The collection and use of customer data to optimize marketing efforts are nothing new. In the 1920s, General Motors discovered that loyalty among Ford vehicle owners was very low—a Ford driver was not likely to purchase his second vehicle from Ford. So General Motors began surveying these drivers to collect data and develop insights into customer preferences. These insights were then used to develop marketing campaigns that targeted Ford vehicle owners. Today, data-centric companies like online retailer Amazon.com in the U.S. and brick and mortar retailer Tesco in the U.K. rely on mathematical modeling to ensure that the right products are offered to the right consumers at the right time. For instance, Tesco’s deployment of its loyalty-card program and the resulting data gathered from its users are credited with helping Tesco fight off Wal-Mart’s entrance into the U.K. market. The data collected is used to tailor marketing programs for its customers. For example, Tesco customers who buy diapers for the first time receive offers for baby wipes, toys and beer—as data analysis show that new fathers are more likely to drink at home. Tesco’s loyalty-card program is so successful that major consumer products companies buy reports based on data collected and analyzed by Tesco.
Companies are also leveraging technology and analytics to target, track and optimize marketing campaigns. For example, Dell uses campaign management tracking software to track near real-time responses to its online, direct-mail and print advertising. Analysis of the data collected allows Dell to continuously optimize its marketing efforts, resulting in a higher return of marketing dollars invested.

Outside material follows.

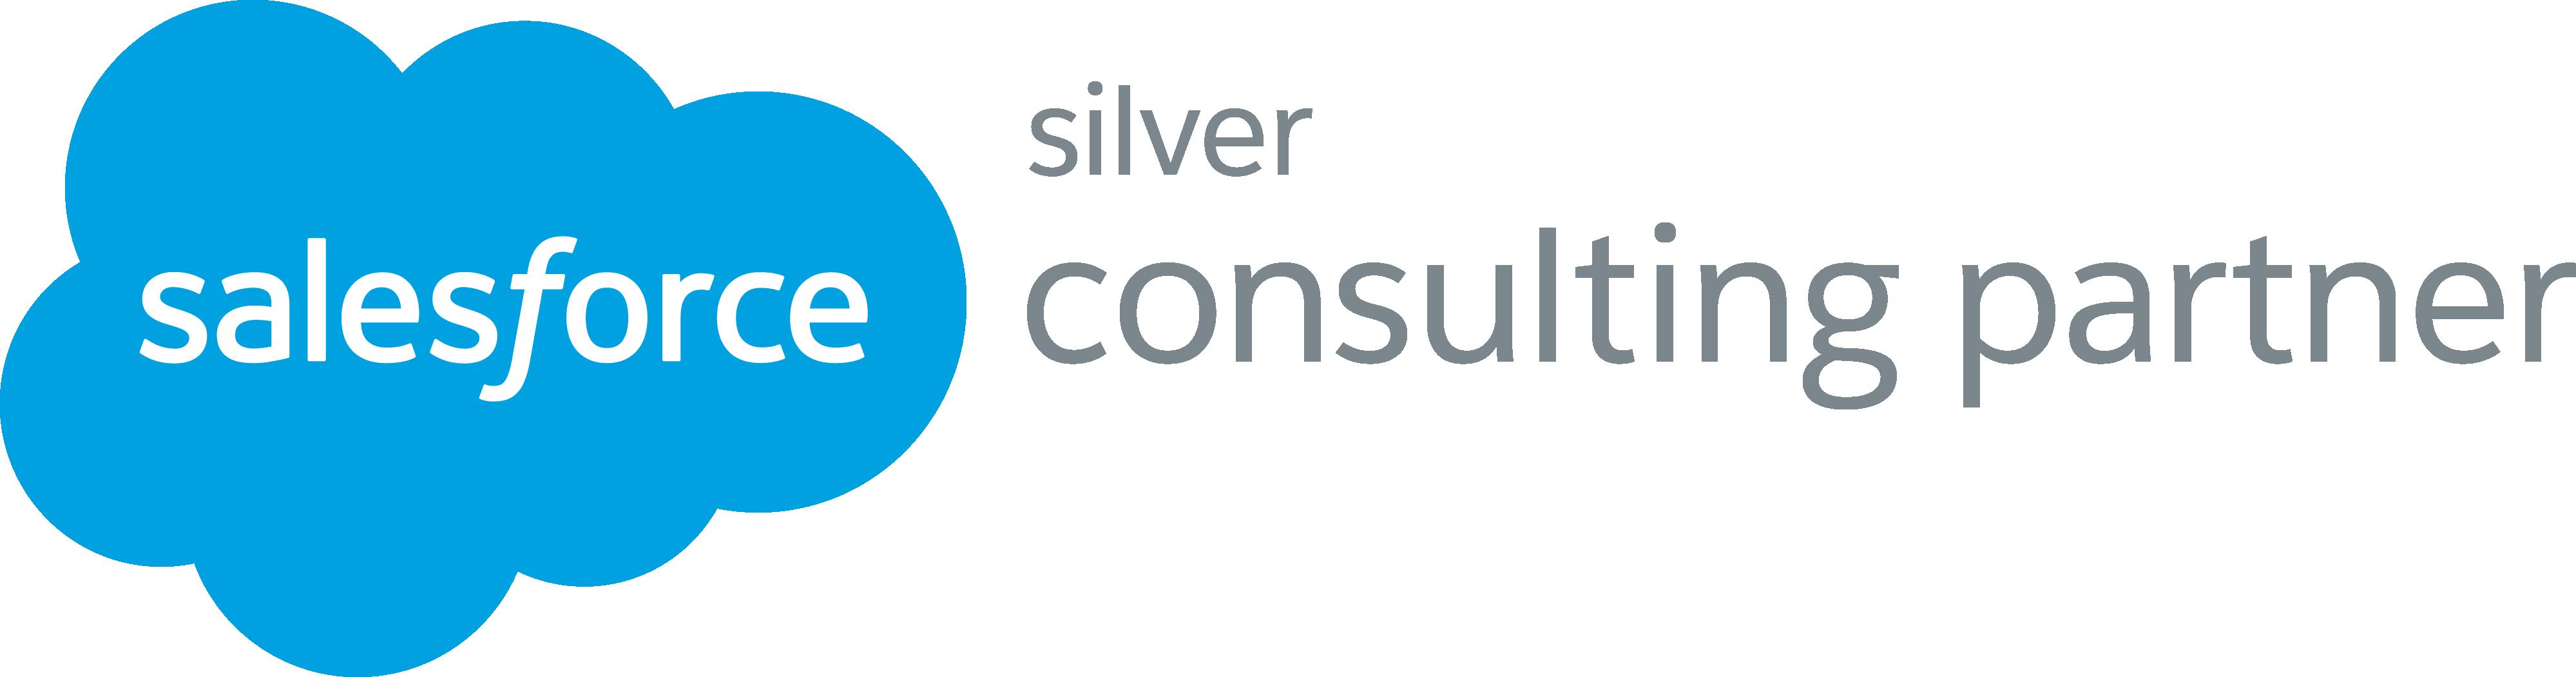 2015sf_Partner_SilverConsultingPartner_logo_RGB (1)

By no means are companies the only ones benefiting from today’s data-rich world. Consumers have more data and information at their fingertips than ever before. They are just a few clicks away from the best mortgage rates or the entire collection of the Library of Congress. The last few years have seen the proliferation of Internet companies that provide pricing and product information for millions of items and services in a fraction of a second. Without leaving the comfort of a chair, a buyer can determine which companies offer the lowest prices, free shipping, etc. However, unbeknownst to most consumers, the data flow is often two-way. Most of these companies collect data on site visitors for their own use. Google, Yahoo! and MSN, for example, keep a record of every search ever made through their search engines. The data collected includes the IP address of the person doing the search, keywords entered, results returned by the search engine and websites visited. Other sites, like pricegrabber.com and pricescan.com, play both sides of the fence. They provide product data to consumers and consumer data to companies—by tracking consumer shopping behavior on their websites.
As marketers continue to embrace new technologies and channels such as mobile and IPTV, they will be inundated with even more data. The industry leaders of the future will be those who are able to collect and mine this data to understand and predict individual consumer behavior. However, it seems that many companies still have a long way to go before they fully embrace analytics, CRM techniques and other measurable marketing strategies. In a summer 2008 survey conducted by Epsilon, only 30% of CMO’s said they agree with the statement “You use sophisticated modeling tools to analyze existing customer data (behavioral, preference and demographic).‘’ And this in spite of the fact that almost 70% of CMO’s are generating more data than ever before by increasing their spend on interactive advertising.